After that you next have to go down as far as Sunderland in the third tier of English football.

In the second half of last season (from 1 January onwards), Sunderland only won 13 of 29 League One games, this season they are second behind Rotherham, whilst Wigan are only four points behind with three games in hand.

Then you have Hartlepool 15th in League Two and Darlington are currently 14th in National League North, the same division as Gateshead (who are in second but with two games in hand and only two points off the top).

The simple thing for many fans would be to say that Newcastle are the only north east club in the top tier, so they must have the best players…

However, some local journalists do have an advantage as they have to often cover more than one of the region’s clubs.

One of those is Scott Wilson of the Northern Echo, who has picked his North East Team of the year (2021) and included three Newcastle players….









Newcastle have a history of fielding mercurial French wingers, and for all that the likes of David Ginola, Laurent Robert and Hatem Ben Arfa will have their champions, Allan Saint-Maximin might well be the best of them.

At his best, the Magpies’ latest French flier is pretty much unplayable, with his dribbling dexterity, lightning-quick pace and attacking vision combining to produce a genuinely world-class talent.

His best display of last year came when he left the bench at Turf Moor in April to transform a game Newcastle were losing into a 2-1 win, and he has starred again this term, scoring four goals to suggest his best position might well be as a central striker rather than a winger.


Where would Newcastle be without their leading goalscorer? Worryingly, for the Magpies, a calf injury sustained against Manchester United last month means we might be about to find out.

Wilson scored ten goals during the calendar year of 2021, excelling despite Newcastle’s struggles in the bottom half of the table and his own persistent battles against injury. His stand-out display of the year came at the end of last January, when his brace secured a crucial 2-0 win at Everton.

Newcastle fans have been crying out for a natural number nine for a number of years now, and in Wilson, they have a goalscorer who has proven himself to be one of the most clinical in the top-flight. Give him a chance in and around the 18-yard box, and there is every chance he will put it away.


Once a player becomes a figure of fun amongst his own support, that is generally the end for him. Not so for Joelinton, who has transformed himself from a £40m attacking misfit into a fans’ favourite midfield general in the space of 12 months.

The Brazilian’s reinvention began under Steve Bruce, albeit from a low base, with the former Newcastle boss tending to use Joelinton as a wide attacker, a role he clearly preferred to the central-attacking berth he was asked to fill in the early days of his Newcastle career.

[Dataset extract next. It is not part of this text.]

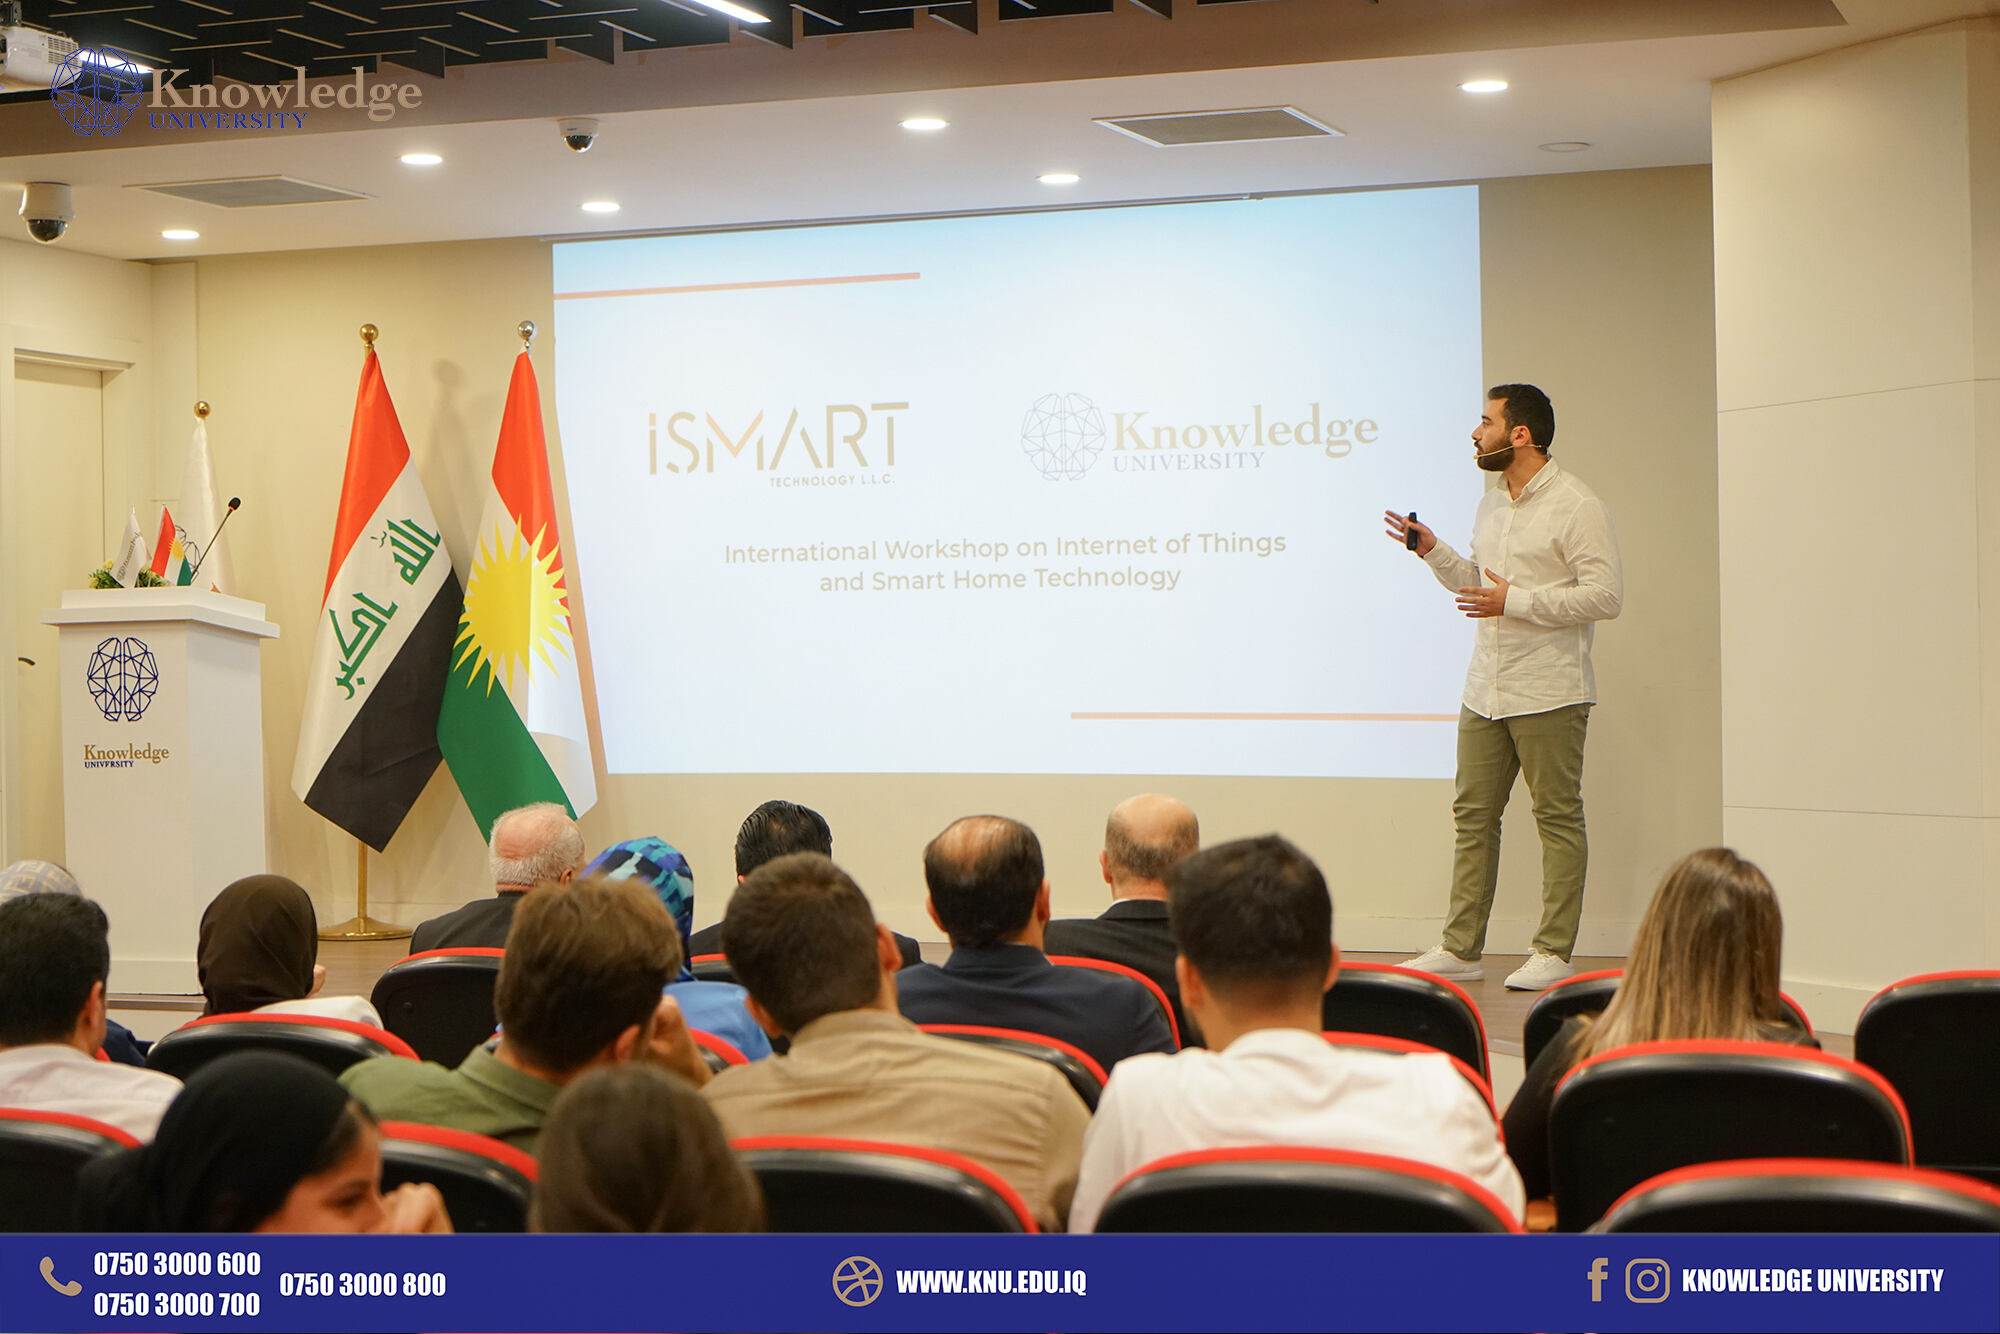 International Workshop on Internet of Things and Smart Home Technology>

Eddie Howe has taken the transformation even further, stationing Joelinton at the heart of midfield and asking him to play as a classic box-to-box number eight. The result has been remarkable, with Joelinton easily Newcastle’s best player during Howe’s Tyneside tenure.



Thorben Hoffman (Sunderland), Jamie Sterry (Hartlepool), Dael Fry (Middlesbrough), Joe Willock (Newcastle), Alex Pritchard (Sunderland), Luke Charman (Darlington), Charlie Wyke (Sunderland)

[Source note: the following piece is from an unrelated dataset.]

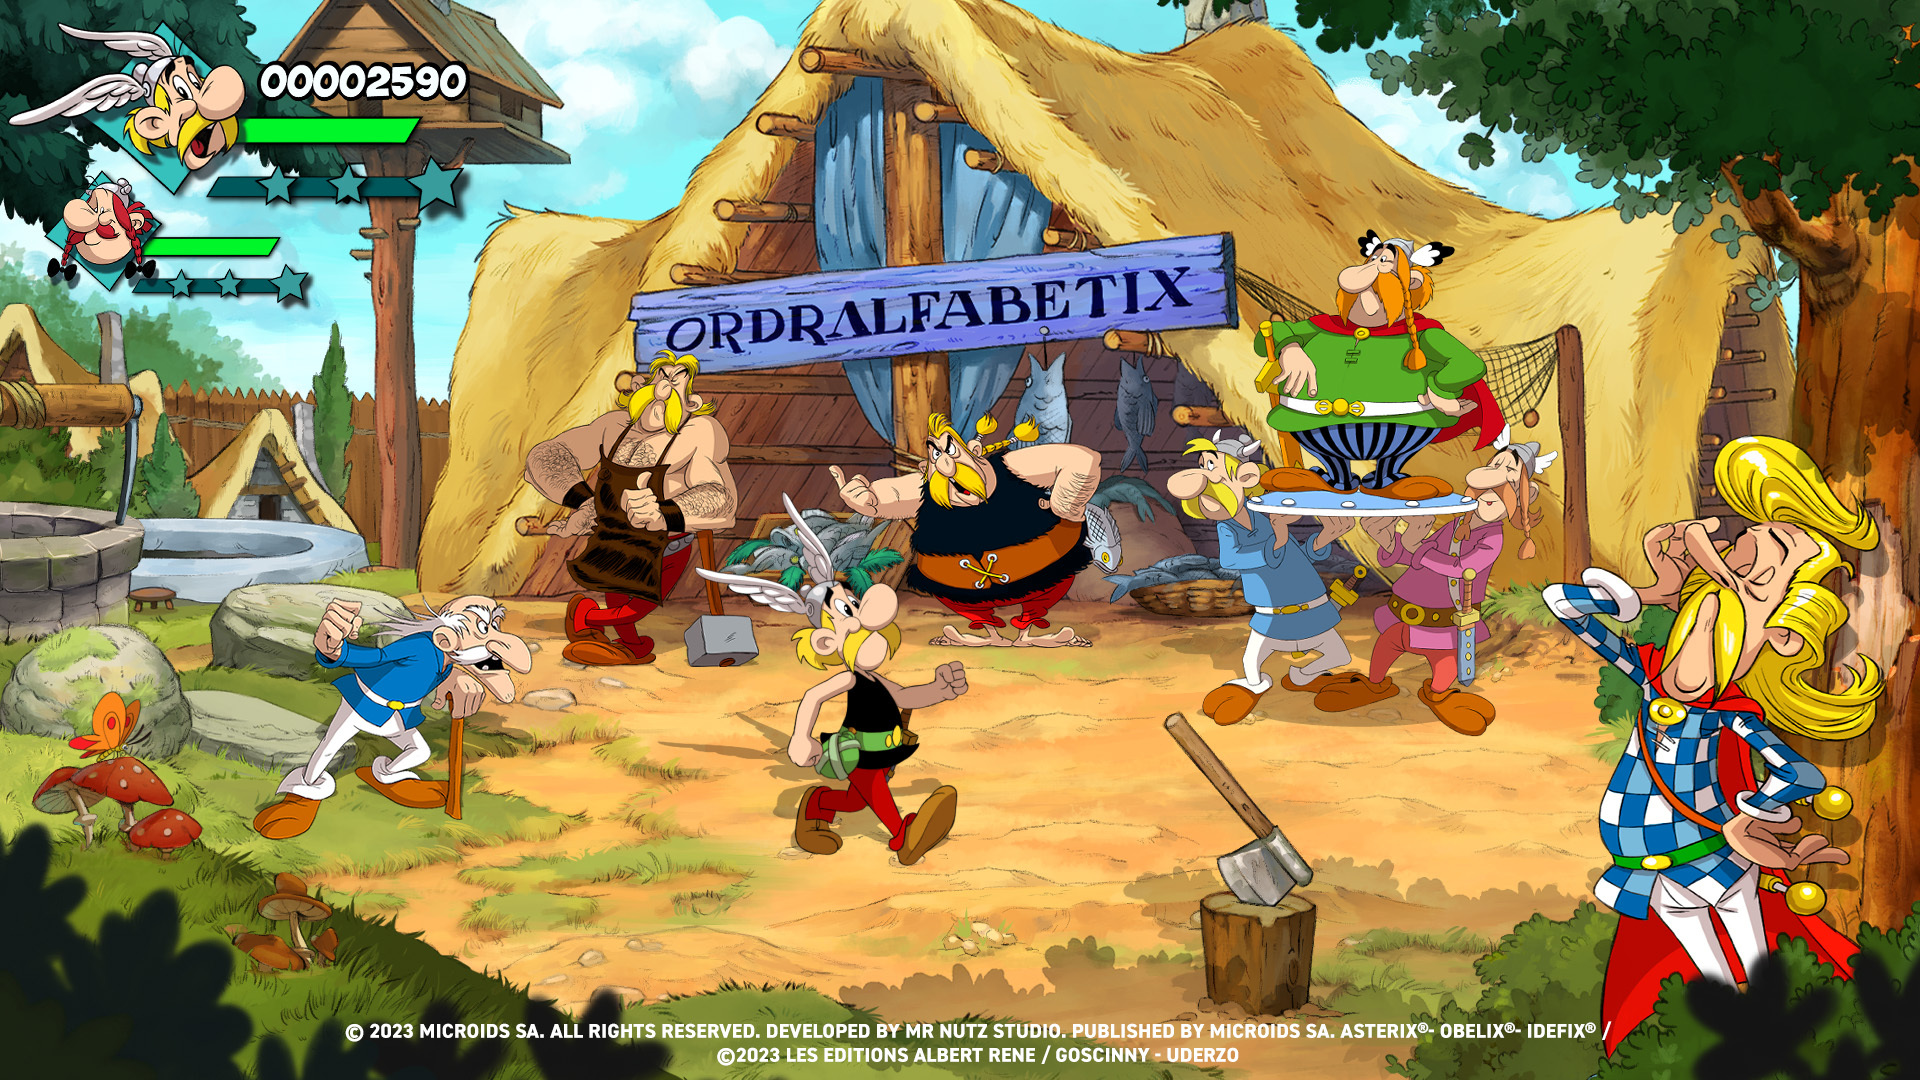 A screenshot of the campground in Asterix & Obelix: Slap Them All 2!

For me, the no-brainers are Wilson and ASM.

With Joelinton, nobody is happier than me with what we have seen in recent games, a quite remarkable change in only eight games under Eddie Howe. The claim above that the Brazilian began improving under Steve Bruce…I struggle to see that at all. Especially when you consider that Bruce only started Joelinton in 28 of his last 46 Premier League matches in charge.

As for all the other players mentioned, I vaguely recognise the name of Paddy McNair at Middlesbrough but beyond that, I can honestly say I haven’t heard of a single other player in that top eleven.